The Cystic Fibrosis Gene Biology – Genetics The Cystic Fibrosis Gene Introduction: Cystic fibrosis is an inherited autosomal recessive disease that exerts its main effects on the digestive system and the lungs. This disease is the most common genetic disorder amongst Caucasians. Cystic fibrosis affects about one in 2,500 people, with one in twenty five being a heterozygote. With the use of antibiotics, the life span of a person afflicted with CF can be extended up to thirty years however, most die before the age of thirteen.1 Since so many people are affected by this disease, it’s no wonder that CF was the first human genetic disease to be cloned by geneticists. In this paper, I will be focusing on how the cystic fibrosis gene was discovered while at the same time, discussing the protein defect in the CF gene, the bio-chemical defect associated with CF, and possible treatments of the disease. Finding the Cystic Fibrosis Gene: The classical genetic approach to finding the gene that is responsible for causing a genetic disease has been to first characterize the bio-chemical defect within the gene, then to identify the mutated protein in the gene of interest, and finally to locate the actual gene.
However, this classical approach proved to be impractical when searching for the CF gene. To find the gene responsible for CF, the principle of “reverse genetics” was applied. Scientists accomplished this by linking the disease to a specific chromosome. After this linkage, they isolated the gene of interest on the chromosome and then tested its product.2 Before the disease could be linked to a specific chromosome, a marker needed to be found that would always travel with the disease. This marker is known as a Restriction Fragment Length Polymorphism or RFLP for short. RFLP’s are varying base sequences of DNA in different individuals which are known to travel with genetic disorders.3 The RFLP for cystic fibrosis was discovered through the techniques of Somatic Cell Hybridization and through Southern Blot Electrophoresis (gel separation of DNA).
By using these techniques, three RFLP’s were discovered for CF; Doc RI, J3.11, and Met. Utilizing in situ hybridization, scientists discovered the CF gene to be located on the long arm of chromosome number seven. Soon after identifying these markers, another marker was discovered that segregated more frequently with CF than the other markers. This meant the new marker was closer to the CF gene. At this time, two scientists named Lap-Chu Tsui and Francis Collins were able to isolate probes from the CF interval. They were now able to utilize to powerful technique of chromosome jumping to speed up the time required to isolate the CF gene much faster than if they were to use conventional genetic techniques.3 In order to determine the exact location of the CF gene, probes were taken from the nucleotide sequence obtained from chromosome jumping. To get these probes, DNA from a horse, a cow, a chicken, and a mouse were separated using Southern Blot electrophoresis.
Four probes were found to bind to all of the vertebrate’s DNA. This meant that the base pairs within the probes discovered contained important information, possibly even the gene. Two of the four probes were ruled out as possibilities because they did not contain open reading frames which are segments of DNA that produce the mRNA responsible for genes. The Northern Blot electrophoresis technique was then used to distinguish between the two probes still remaining in order to find out which one actually contained the CF gene. This could be accomplished because Northern Blot electrophoresis utilizes RNA instead of DNA.
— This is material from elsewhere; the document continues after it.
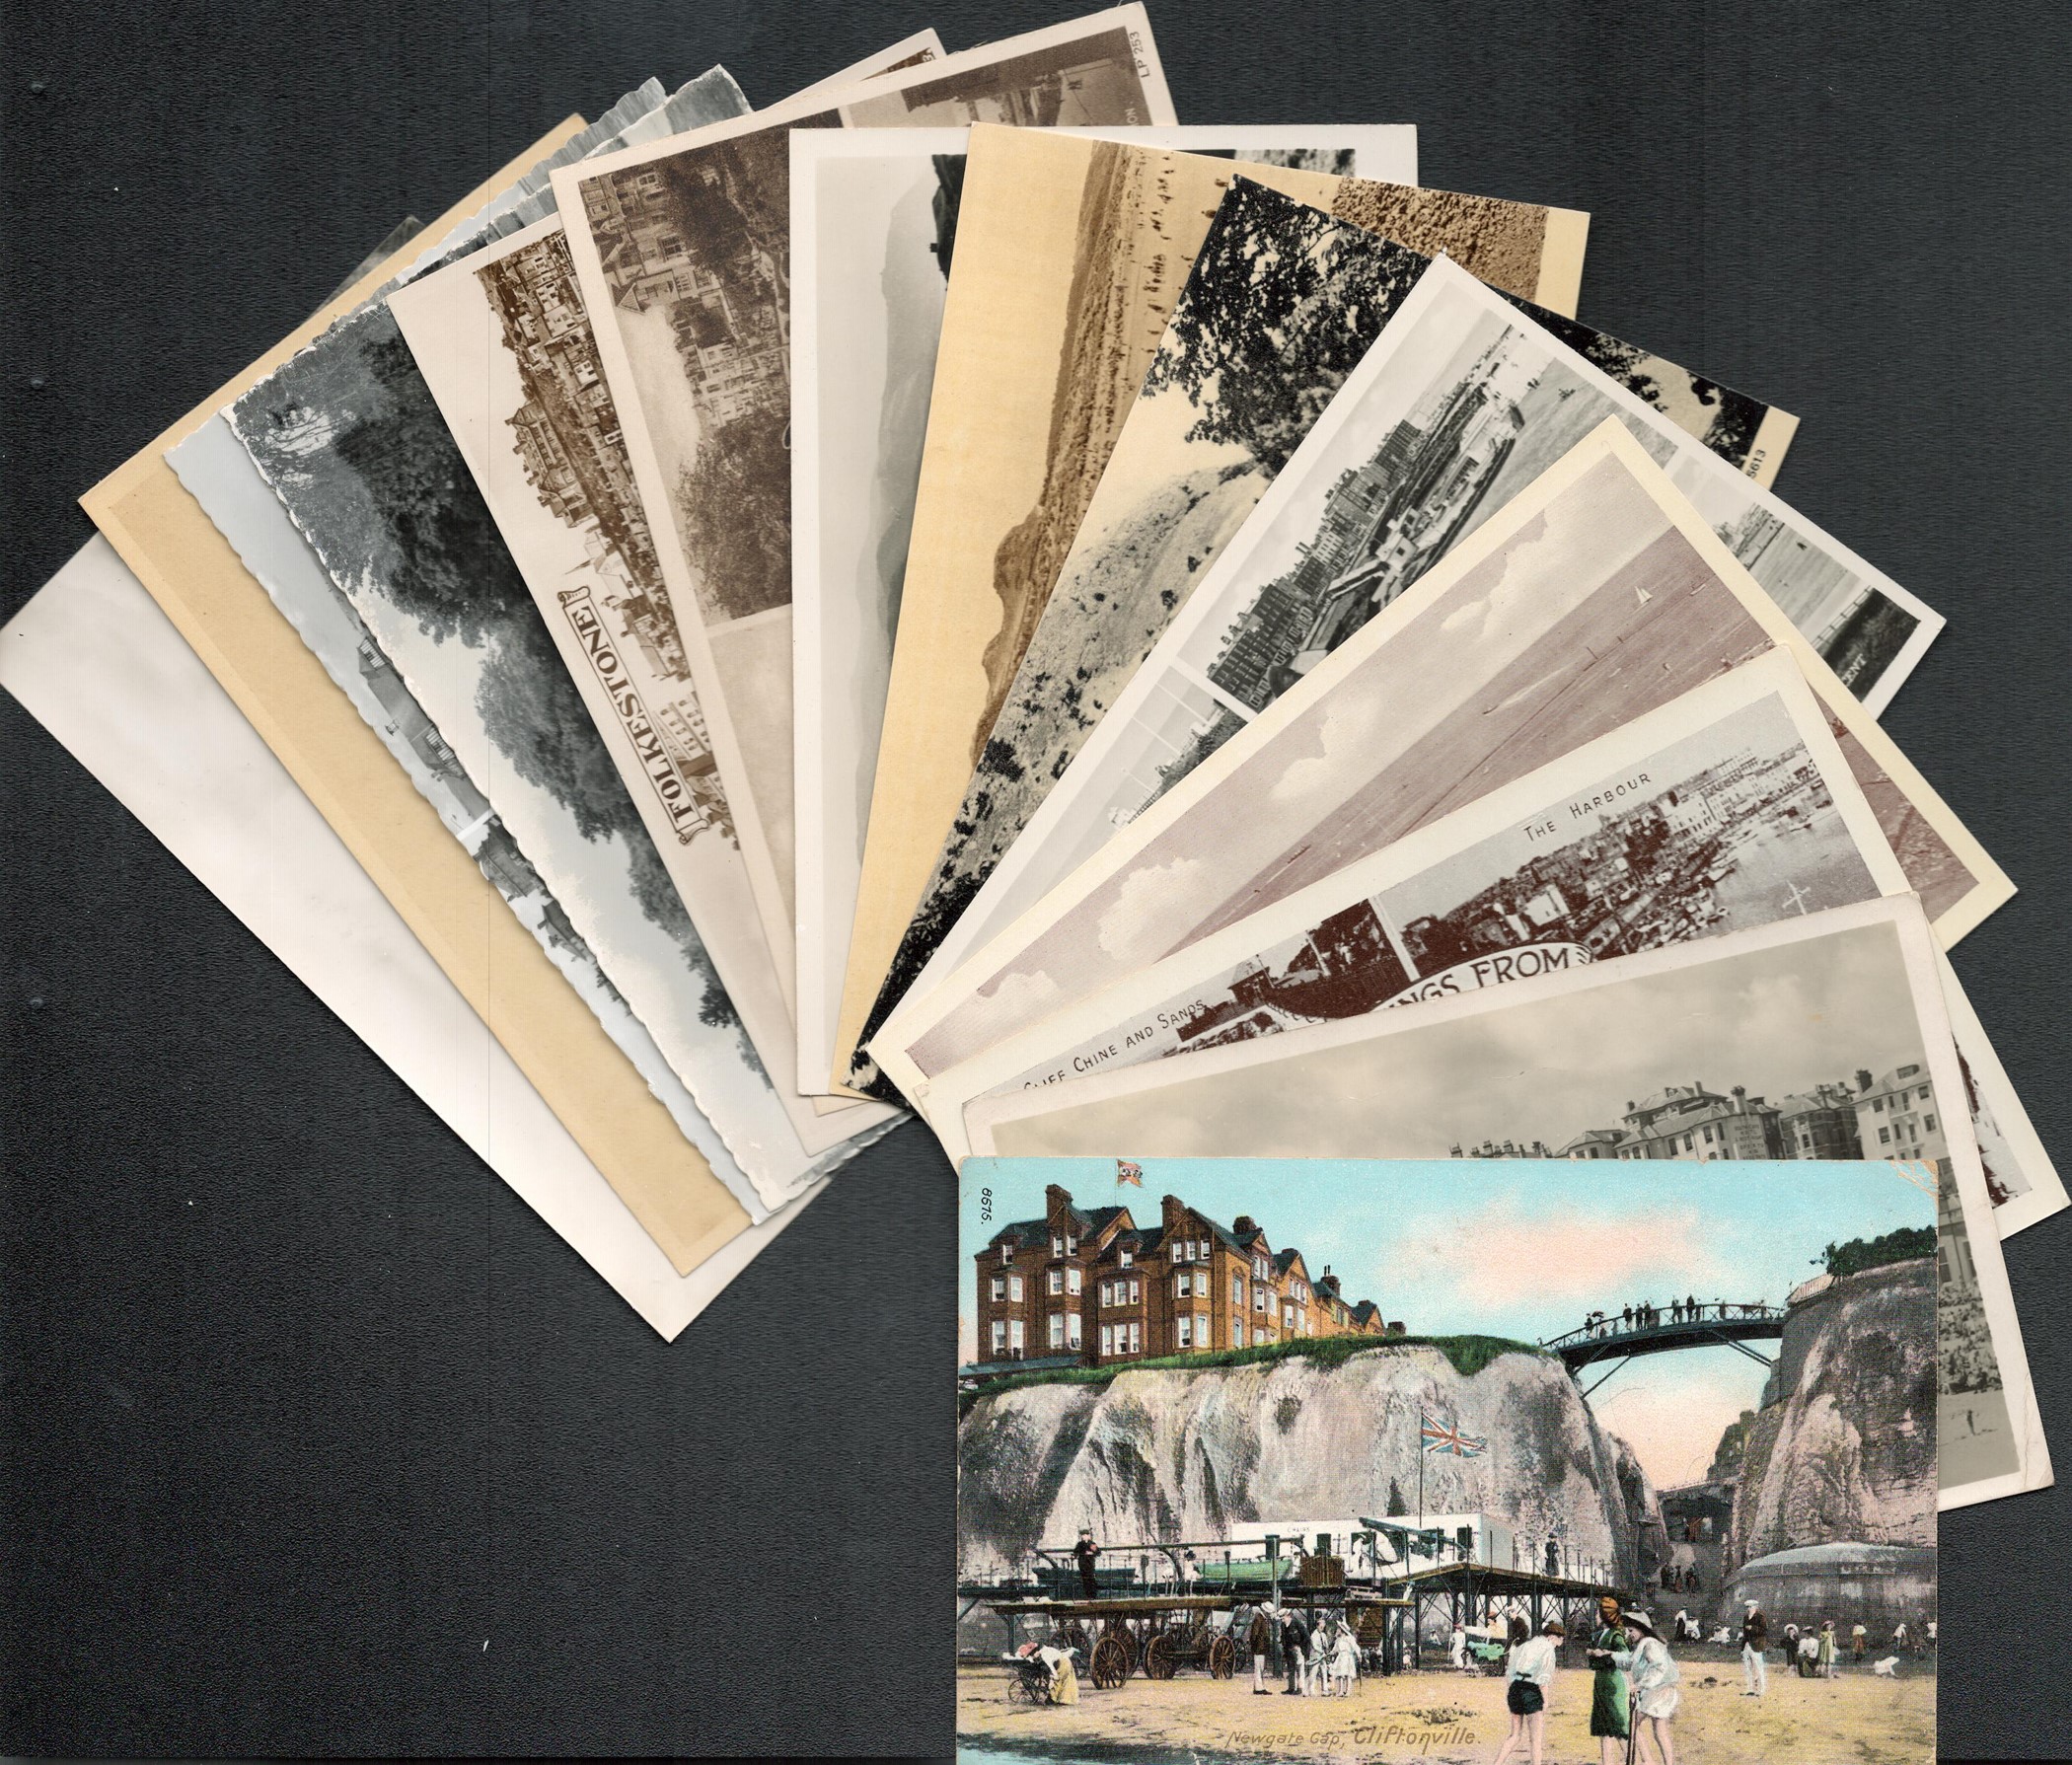 30 old GB seaside postcards. Some franked. Good condition. We combine postage on multiple winning

The RNA of cell types affected with CF, along with the RNA of unaffected cell types were placed on a gel. Probe number two bound to the RNA of affected cell types in the pancreas, colon, and nose, but did not bind to the RNA from non-affected cell types like those of the brain and heart. Probe number one did not bind exclusively to cell types from CF affected areas like probe number two did. From this evidence, it was determined that probe number two contained the CF gene. While isolating the CF gene and screening the genetic library made from mRNA (cDNA library), it was discovered that probe number two did not hybridize.
The chances for hybridization may have been decreased because of the low levels of the CF gene present within the probe. Hybridization chances could also have been decreased because the cDNA used was not made from the correct cell type affected with CF. The solution to this lack of hybridization was to produce a cDNA library made exclusively from CF affected cells. This new library was isolated from cells in sweat glands. By using this new cDNA library, probe number two was found to hybridize excessively. It was theorized that this success was due to the large amount of the CF gene present in the sweat glands, or the gene itself could have been involved in a large protein family.
Nevertheless, the binding of the probe proved the CF gene was present in the specific sequence of nucleotide bases being analyzed. The isolated gene was proven to be responsible for causing CF by comparing its base pair sequence to the base pair sequence of the same sequence in a non-affected cell. The entire CF cDNA sequence is approximately 6,000 nucleotides long. In those 6,000 n.t.’s, three base pairs were found to be missing in affected cells, all three were in exon #10. This deletion results in the loss of a phenylalanine residue and it accounts for seventy percent of the CF mutations.
In addition to this three base pair deletion pattern, up to 200 different mutations have been discovered in the gene accounting for CF, all to varying degrees. The Protein Defect: The Cystic Fibrosis gene is located at 7q31-32 on chromosome number seven and spans about 280 kilo base pairs of genomic DNA. It contains twenty four exons.4 This gene codes for a protein involved in trans-membrane ion transport called the Cystic Fibrosis Transmembrane Conductance Regulator or CFTR. The 1,480 amino acid protein structure of CFTR closely resembles the protein structure of the ABC-transporter super family. It is made up of similar halves, each containing a nucleotide-binding fold (NBF), or an ATP-binding complex, and a membrane spanning domain (MSD).
The MSD makes up the transmembrane Cl- channels. There is also a Regulatory Domain (R-Domain) that is located mid-protein which separates both halves of the channels. The R-Domain is unique to CFTR and is not found in any other ABC-transporter. It contains multiple predicted binding sites for protein kinase A and protein Kinase C.4 Mutations in the first MDS are mainly found in exon #4 and exon #7. These types of muta …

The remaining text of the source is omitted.